Flammable Liquids Transport
  • Original containers of flammable liquids shall be placed in a secondary container or acid-carrying bucket.
  • No more than 5 gallons of flammable liquids in glass containers shall be transported on the freight elevator unless the original shipping carton (box) is used and the materials are on an appropriate cart.

More information about the safe use of flammable liquids is available in the Flammable Liquids SOP.

Corrosives or Oxidizing Materials Transport
  • Original glass shipping containers holding liquid acids and bases must be placed in a secondary container or acid-carrying bucket.
  • Incompatible chemicals, for example chromic acid (oxidizing acid) and ethyl acetate (organic solvent), may not be transported on the same cart unless they are in original shipping cartons and physically separated.

More information about safe use of corrosive liquids is available in the Corrosive Chemicals SOP.

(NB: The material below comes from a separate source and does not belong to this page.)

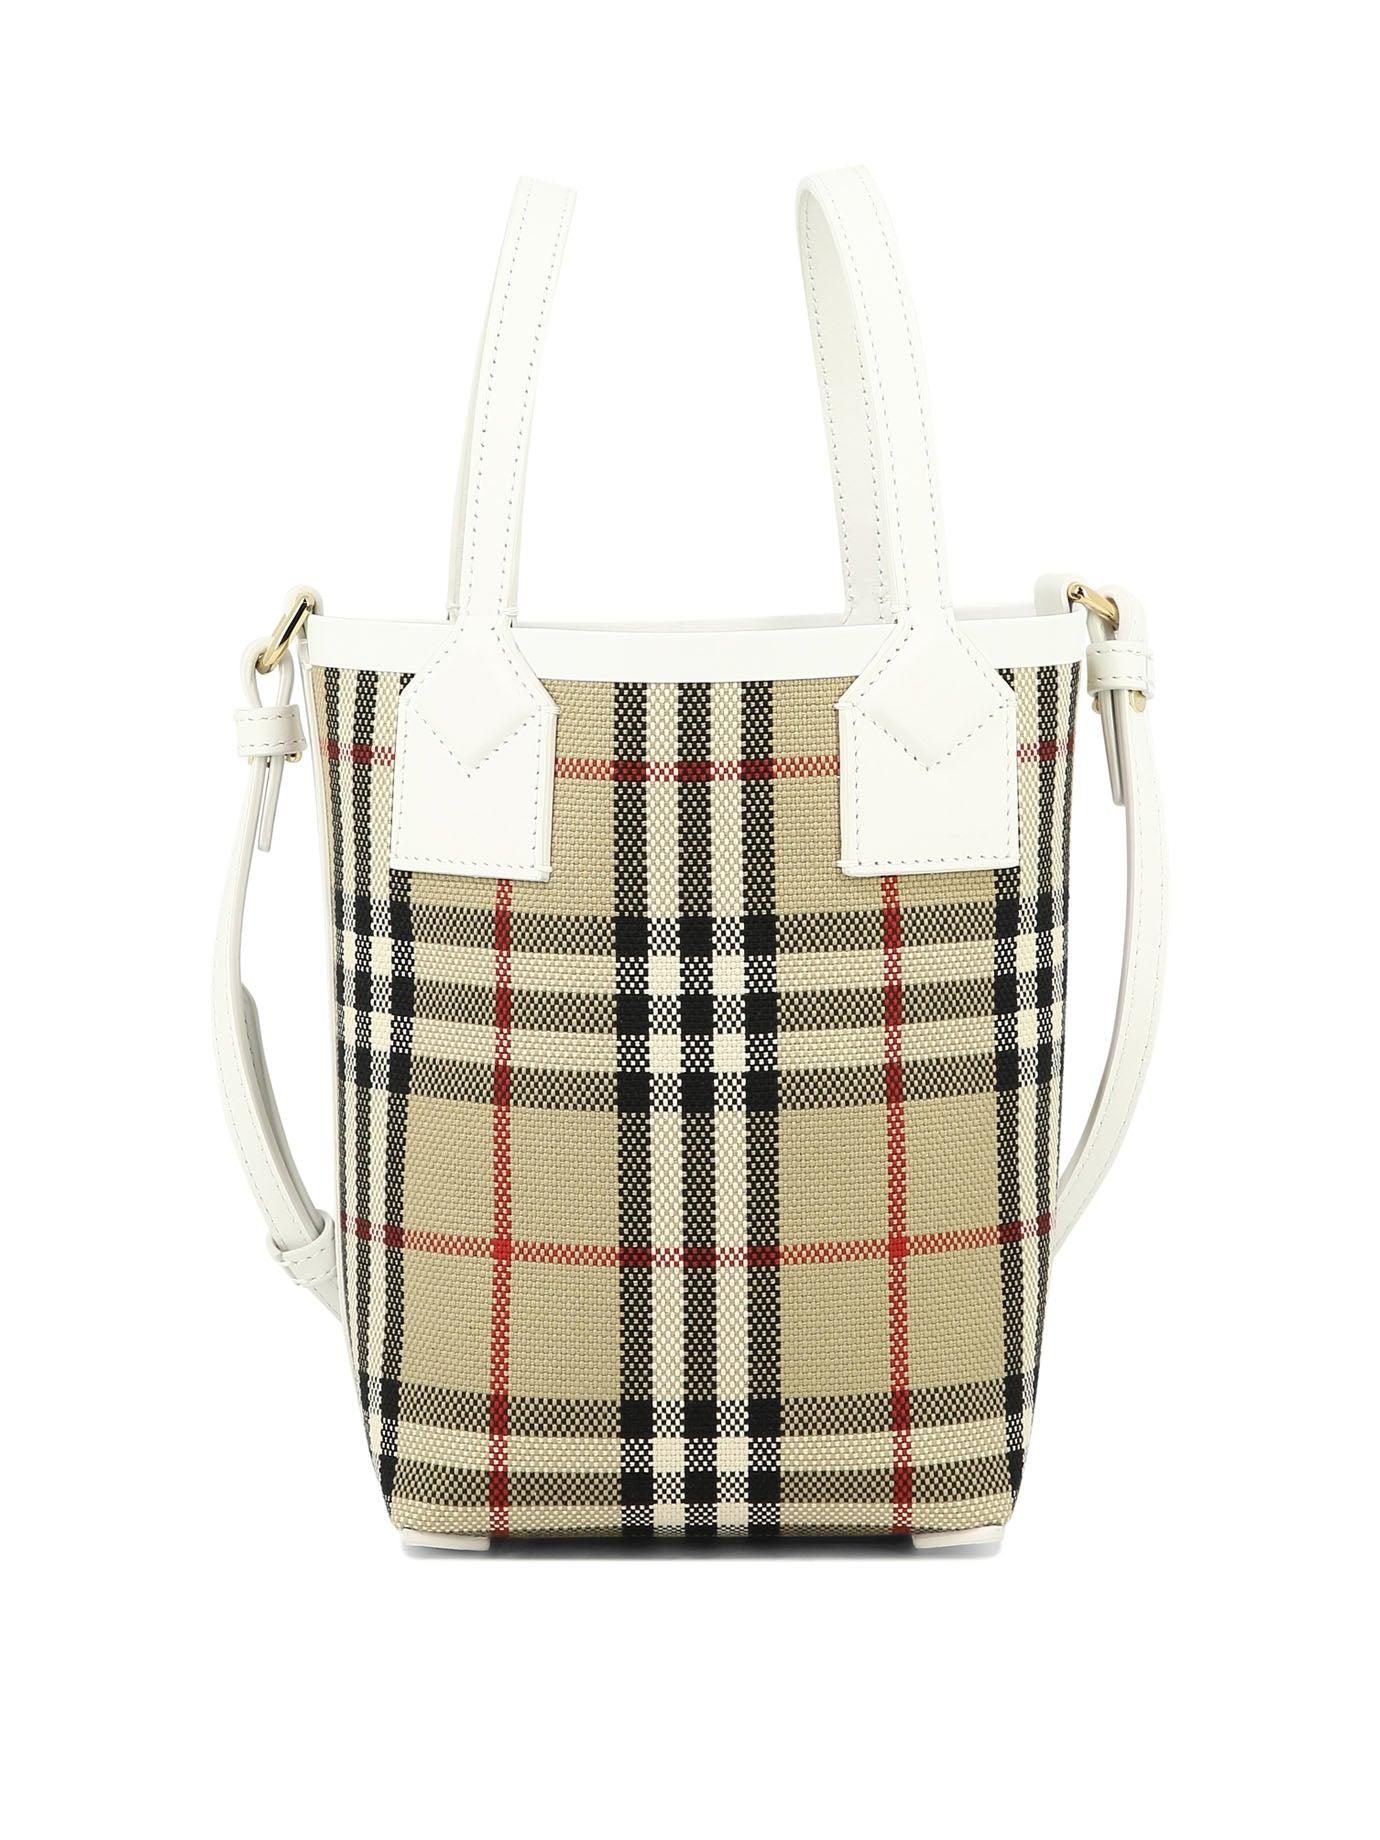 Burberry Exterior Bags & Handbags for Women | Authenticity Guaranteed | eBay

More information about safe use of oxidizing chemicals is available in the Strong Oxidizers SOP.

Water-Reactive, Pyrophoric, and Acutely Toxic Substances Transport
  • Wherever possible, use the original outside shipping containers (packaging) when transporting water-reactive, pyrophoric, or acutely toxic chemicals.
  • Once opened, water-reactive, pyrophoric, and acutely toxic chemicals must be placed in a rigid secondary container or acid carrying bucket for transporting.

More information about safe use of these materials is available in the following SOPs:  Water-Reactive Chemicals SOP, Pyrophoric Chemicals SOP, Acutely Toxic Chemicals SOP

Compressed Gases Transport

  • Transport compressed gas cylinders using only equipment designed for this function.  Regular hand trucks may not be used for cylinder transport.
  • Never lift, carry, or "walk" cylinders by hand.
  • The protective valve cap must be in place during transport.
  • Never transport a cylinder with a regulator in place.

More information about the safe use of compressed gases is available in the Compressed Gases SOP and the Hazardous and Highly Toxic Gases SOP.